Scanning electron microscope of Streptomyces mangrovisoli MUSC 149^T.

Chemotaxonomic Characteristics

The analyses of peptidoglycan amino acid composition and sugars of strain MUSC 149^T were carried out by the Identification Service of the DSMZ using protocols of Schumann (2011). Major diagnostic cell wall sugars of strain MUSC 149^T were obtained as described by Whiton et al. (1985) and analyzed by TLC on cellulose plates (Staneck and Roberts, 1974).
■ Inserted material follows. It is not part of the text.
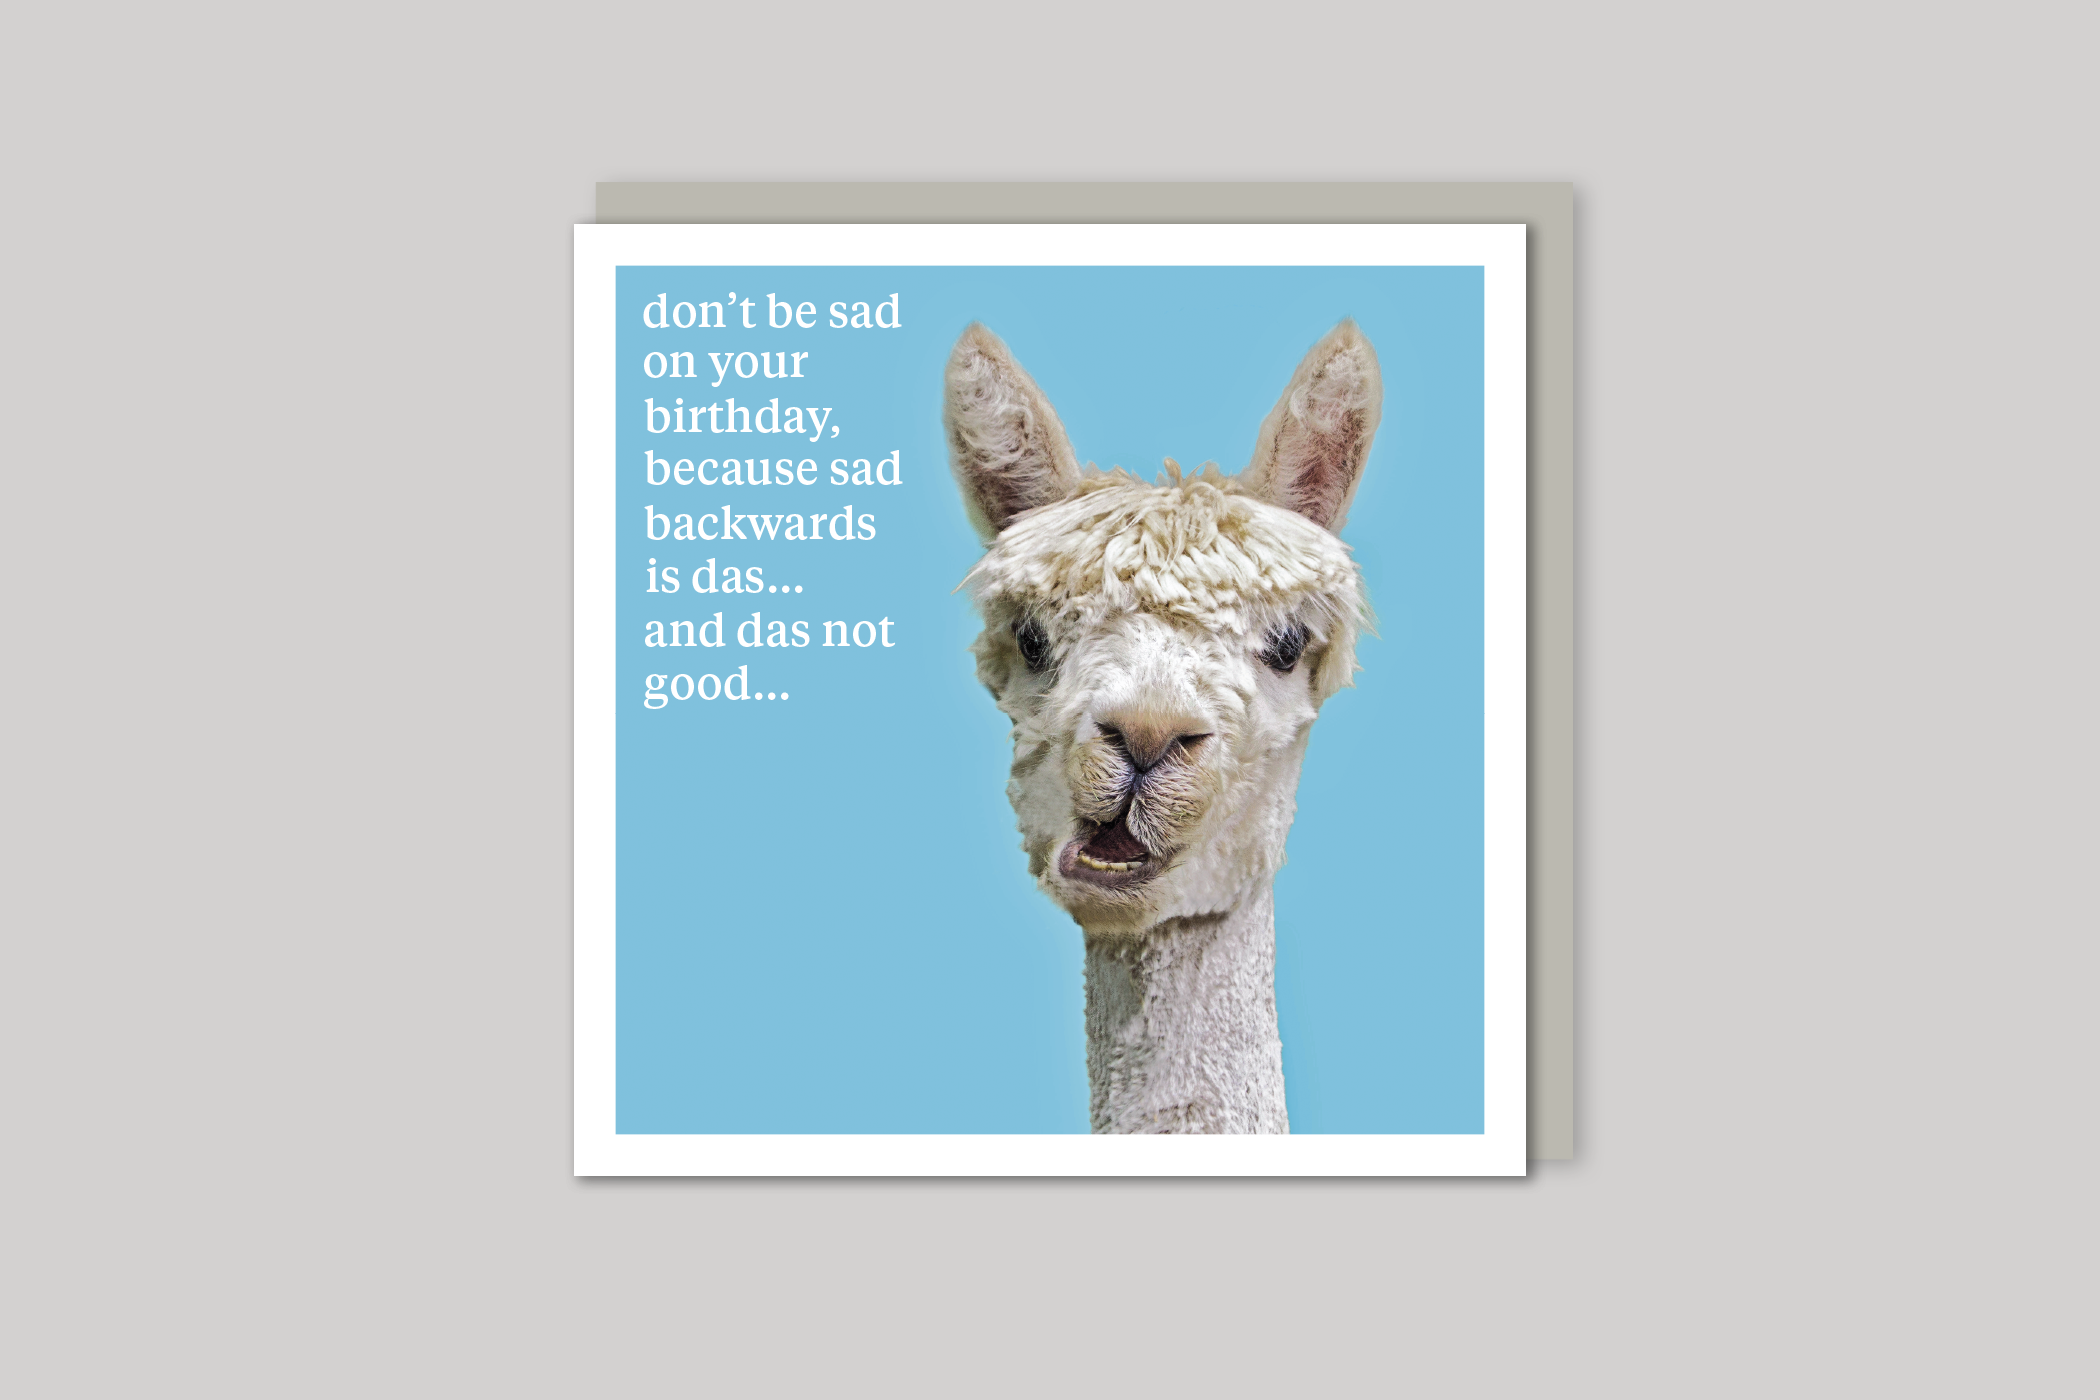 Don't Be Sad quirky animal portrait from Curious World range of greeting cards by Icon, back page.

Analysis of respiratory quinones, polar lipids (Kates, 1986) and fatty acids (Sasser, 1990) were carried out by the Identification Service of the DSMZ.
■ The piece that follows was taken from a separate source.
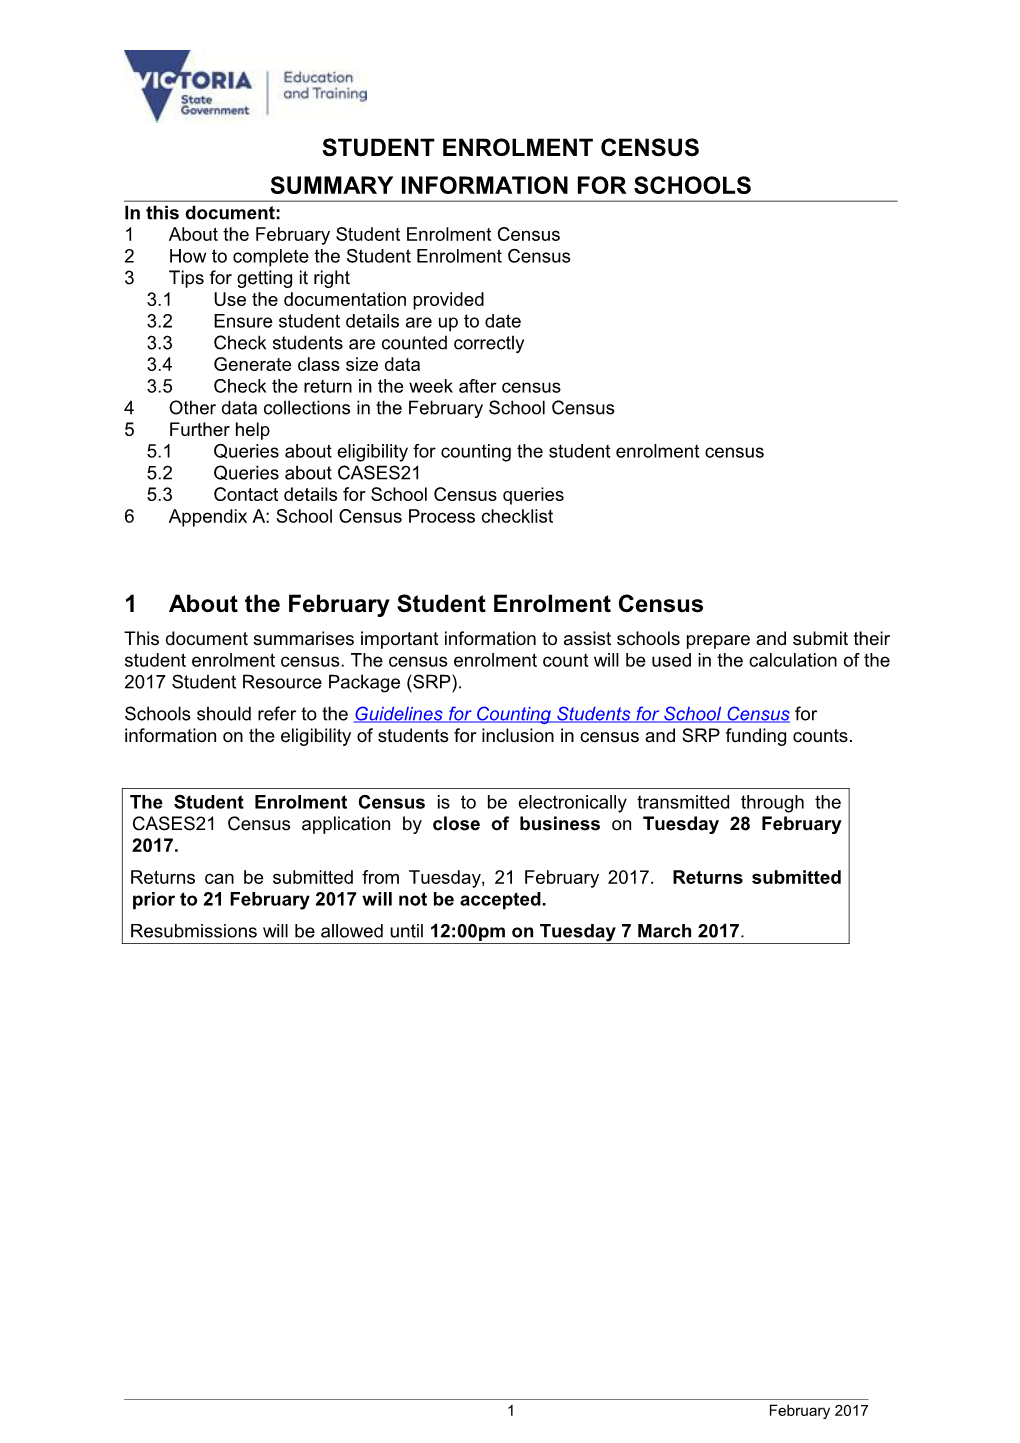 Instructions for February School Census

Extract preparation of MUSC 149^T

MUSC 149^T was grown in TSB for 14 days prior to fermentation process. The fermentation medium used was FM3 (Hong et al., 2009; Lee et al., 2012a). The medium was autoclaved at 121°C for 15 min prior to experiment. Fermentation was carried out in test tubes (30 mm × 200mm) containing 20 mL of FM3, at an angle of 45° for 7–10 days at 28°C. The resulting FM3 medium was recovered by centrifugation at 12000 g for 15 min. The supernatant was filtered and subjected to freeze dry process. Upon freeze-drying, the sample was extracted with methanol for 72 h and the methanol-containing extract was filtered and collected. The residue was re-extracted under the same condition twice at 24 h interval. Subsequently, the methanol-containing extract was evaporated using rotary vacuum evaporator at 40°C. The extract of MUSC 149^T was collected and suspended in dimethyl sulphoxide (DMSO) as vehicle reagent prior to assay.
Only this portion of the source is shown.